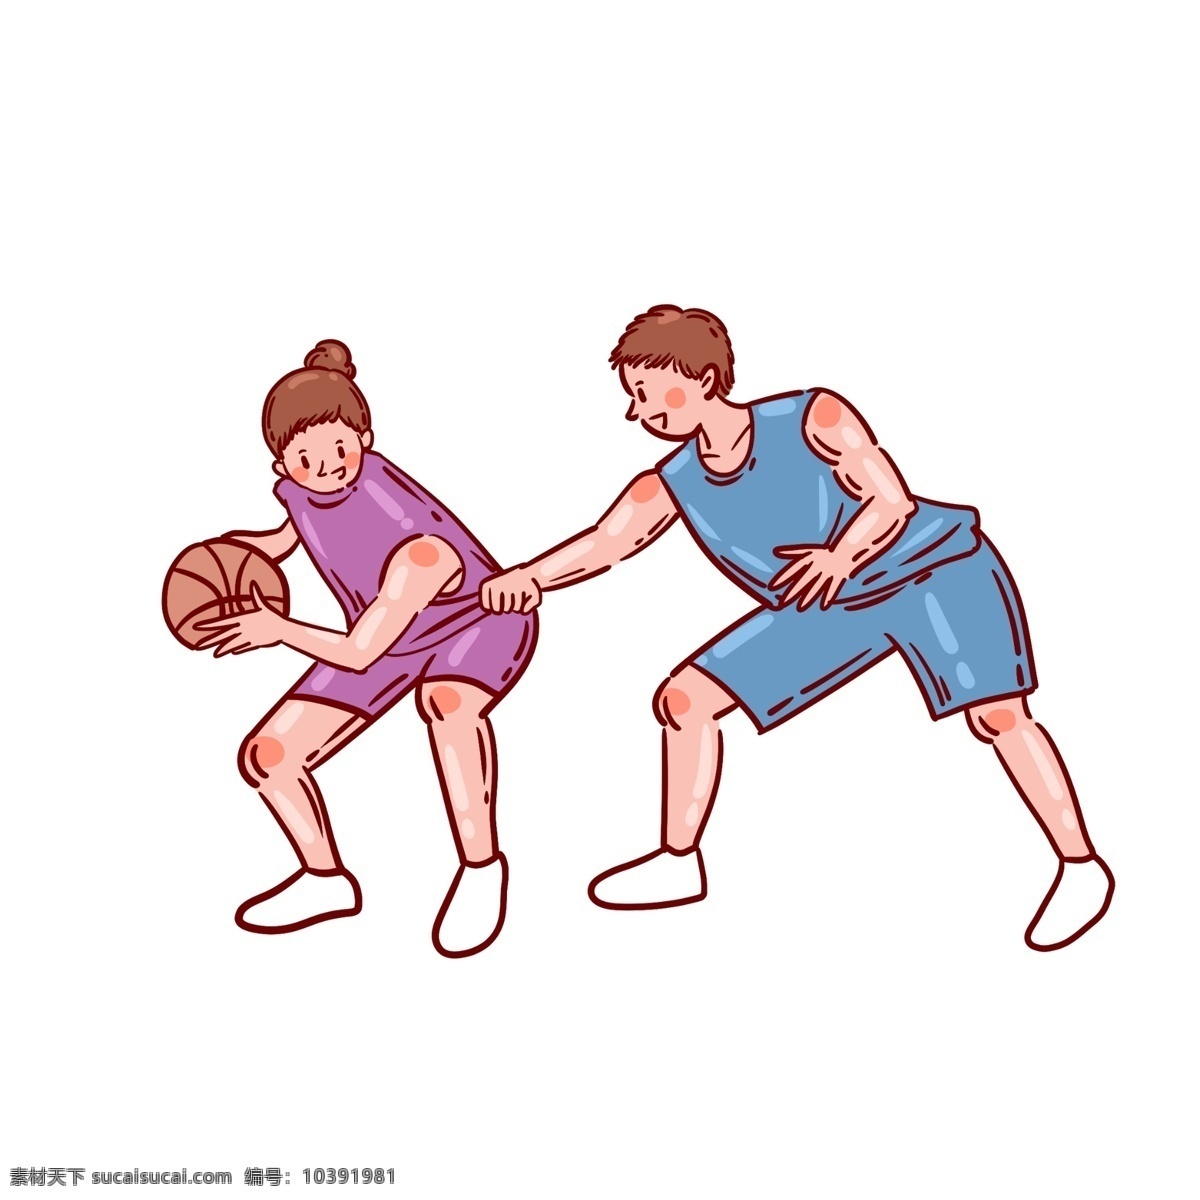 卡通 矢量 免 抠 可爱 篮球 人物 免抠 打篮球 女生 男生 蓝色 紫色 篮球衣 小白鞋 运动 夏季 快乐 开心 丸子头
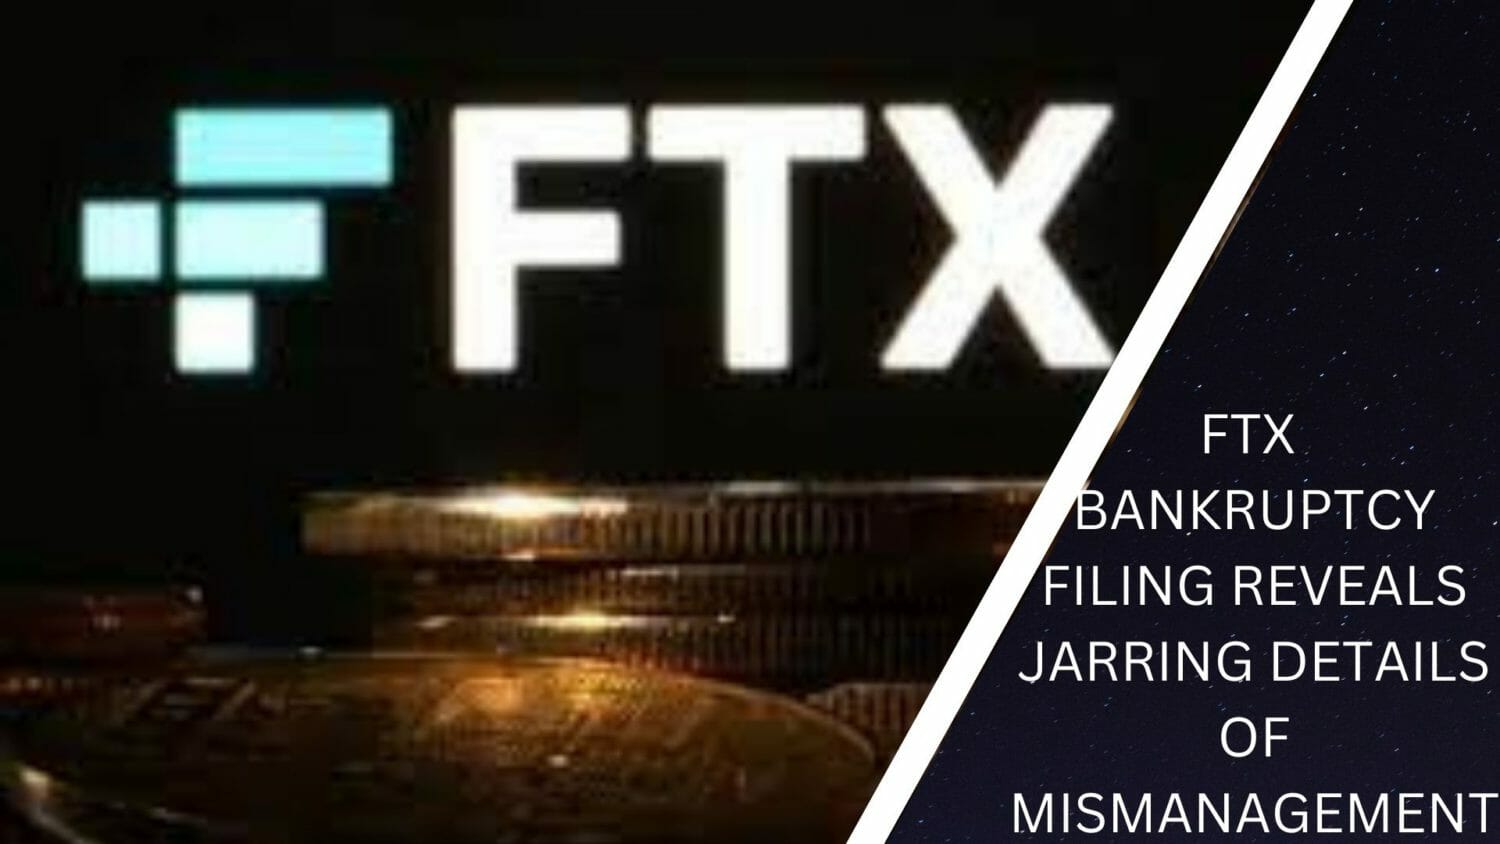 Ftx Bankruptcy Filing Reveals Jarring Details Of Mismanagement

----------------------------------------

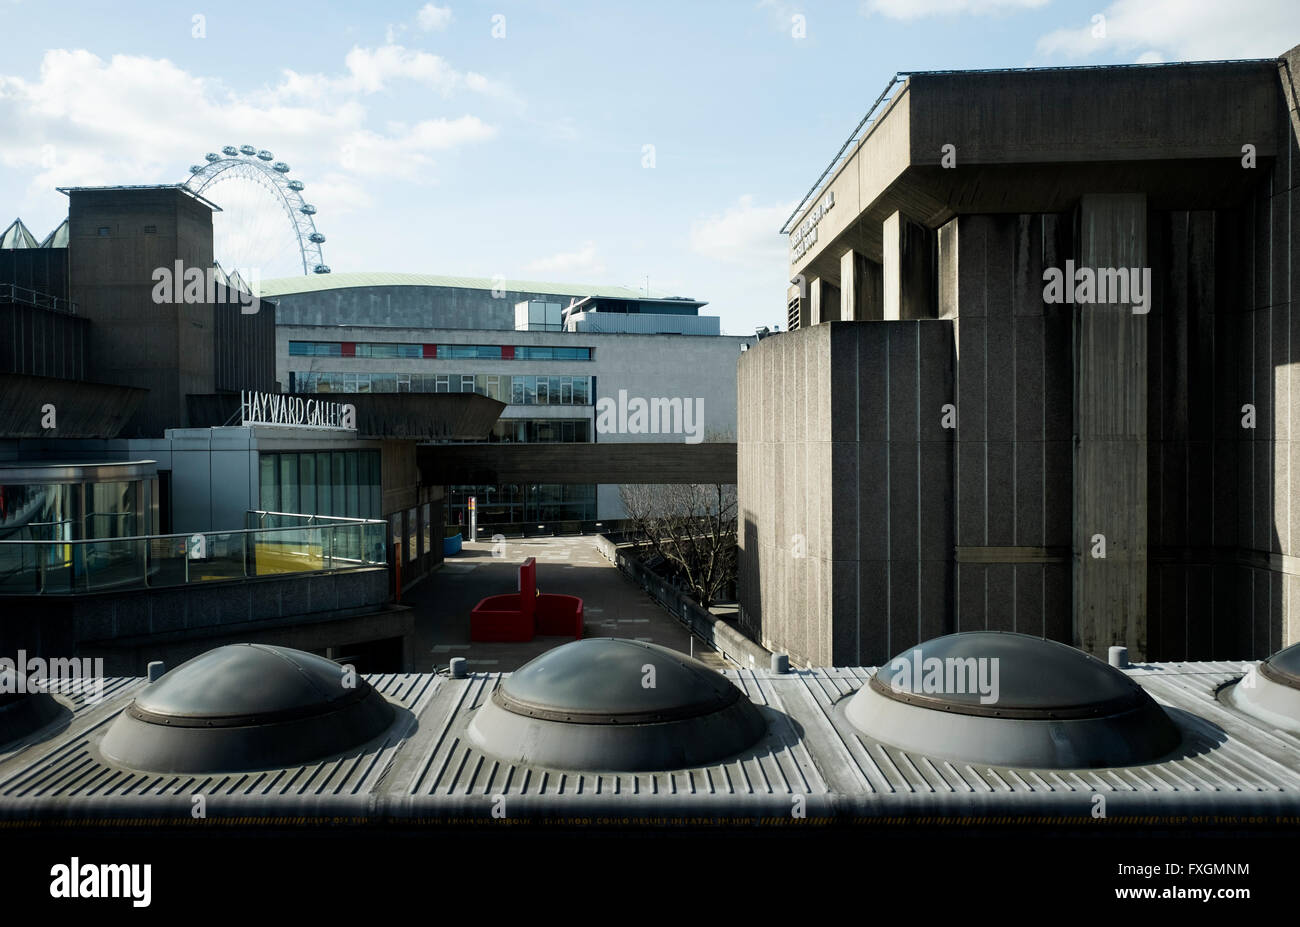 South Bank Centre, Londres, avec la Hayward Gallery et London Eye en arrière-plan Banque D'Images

----------------------------------------

Set the pictures aside and transcribe exactly the stretch of lines above, beginning with the one holding "卡通 矢量 免 抠 可爱" and ending with the one holding "Ftx Bankruptcy Filing".

■ RESULT:
 卡通 矢量 免 抠 可爱 篮球 人物 免抠 打篮球 女生 男生 蓝色 紫色 篮球衣 小白鞋 运动 夏季 快乐 开心 丸子头
 Ftx Bankruptcy Filing Reveals Jarring Details Of Mismanagement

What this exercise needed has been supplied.